Free Trial

Talk From The Trenches: Correction or Bear Market?

By Ian Stannard
     LONDON (MNI) - Talk From The Trenches: Correction or Bear Market?
     Talk from the Trenches has been on the road, visiting European customers.
We thank our European customers for the great reception and feedback. We very
much enjoyed the insightful discussions.
     Indeed, we are glad to say the reception was far warmer than that received
by other UK delegations to Europe recently.
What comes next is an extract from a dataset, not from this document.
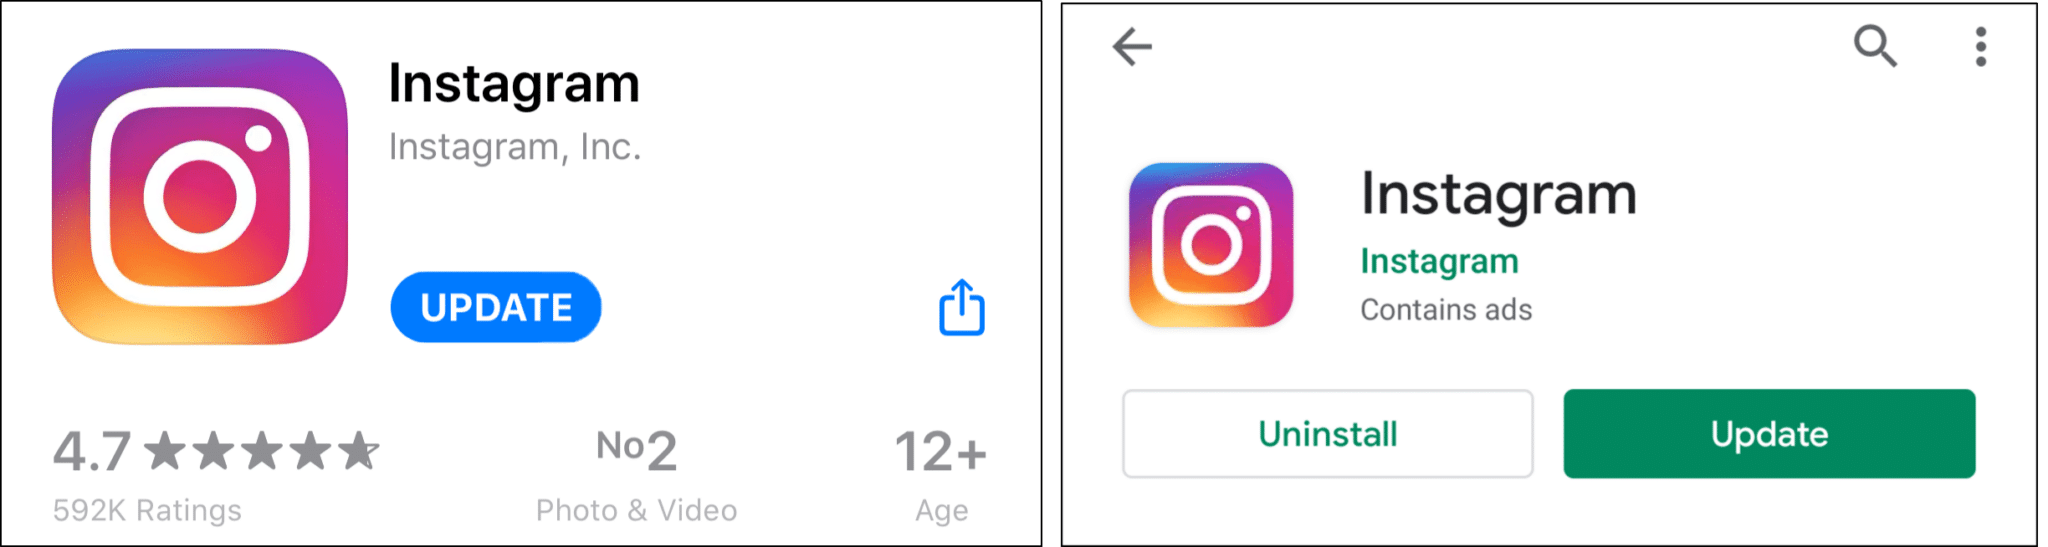 Update Instagram app to fix search not working
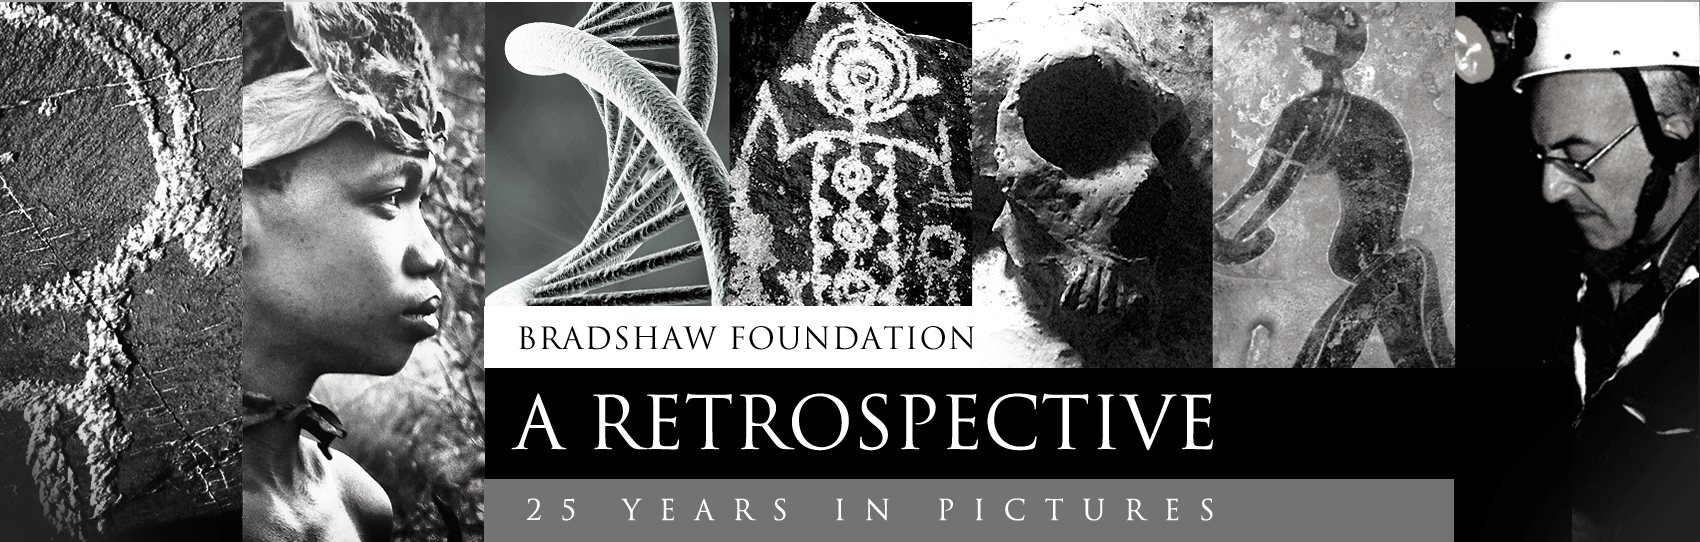 Bradshaw Foundation 25 Years A Retrospective in Pictures

While risk factors were the top
discussion theme, surprisingly little emphasis was placed on Brexit, with
broader global risks the focus.
     One customer framed the debate over the risk environment very succinctly in
our view, with the question "correction or bear market?"
     Cyclical Disconnect
     While last week's sharp SPX decline, generating increased asset market
volatility, has sharpened the focus on global asset market risks, the overall
performance of broad equity indices has masked warning signals that have been
flashing for some time.
     Diverging performance between Consumer Discretionary and Consumer Staples
probably provides one of the clearest examples, with this cyclical equity
performance ratio also decoupling from US Treasuries since October 8th (See MNI
US TSYS: ###POV: CYCLICAL DISCONNECT).
     Risk-Off or Repositioning?
     An outright scaling back of risk or repositioning of portfolios to cope
with a more challenging risk environment was a major theme of discussion on how
to best respond. A shift away from the traditional high beta positions was of
course seen as the first step, but where to invest now was the next question
being posed.
     In a traditional risk-off scenario the USD would be the obvious answer to
the portfolio allocation questions currently being asked. But, given many of the
warning signals being generated are US centric, is the USD the answer?
     One of the key risk factors cited by customers was higher US yields,
particularly at the longer end of the US curve. This together with the
simultaneous sell off in the US equity market could give the impression of US
assets generally losing their appeal. Not such a great scenario for the USD.
     One customer was focusing on specific levels of curve steepness as a
potential tipping point, interesting when viewed in the context of the Fed's
obsession with flattening and the potential of curve inversion signaling a
recession. Could curve steepening be the trigger for a recession via higher
yields?
     The impact of higher long-end yields on the mortgage market is a theme that
has been explored by the team, with convexity hedging by mortgages service
providers seen as having the potential to exacerbate yield moves (TFTT, Oct 12,
2018).
     Global Risk Factors
     However, if risk factors are more global, the USD's traditional role of
attracting support during risk-off bouts is likely to remain intact. In this
regard, the markets attention on China is important.
     China growth concerns given recent data disappointments were a point of
discussion with customers. This is consistent with the historically bearish
outlook for the Chinese economy expressed by participants in the MNI China
Liquidity Survey (See MNI LIQUIDITY SURVEY: PBOC Taps Still Open On Econ
Worries). One customers also cited China NPLs as an ongoing risk factor.
     Interestingly, European yield spread widening, more specifically the BTP-
Bund widening was not cited as much as expected as a global risk factor. While
significant from a local European market perspective, customers did not see this
as challenging to global risk environment.
     Recent MNI analysis from the markets team has highlighted that European
spread widening has tended to reduce European investor outflows (See MNI
ANALYSIS: European Foreign Debt Buying Dries Up When BTP-Bund Spread Widens).
--MNI London Bureau; +44-203-865-3820; email: Ian.Stannard@marketnews.com

To read the full story

Close

Why MNI

MNI is the leading provider

of intelligence and analysis on the Global Fixed Income, Foreign Exchange and Energy markets. We use an innovative combination of real-time analysis, deep fundamental research and journalism to provide unique and actionable insights for traders and investors. Our "All signal, no noise" approach drives an intelligence service that is succinct and timely, which is highly regarded by our time constrained client base.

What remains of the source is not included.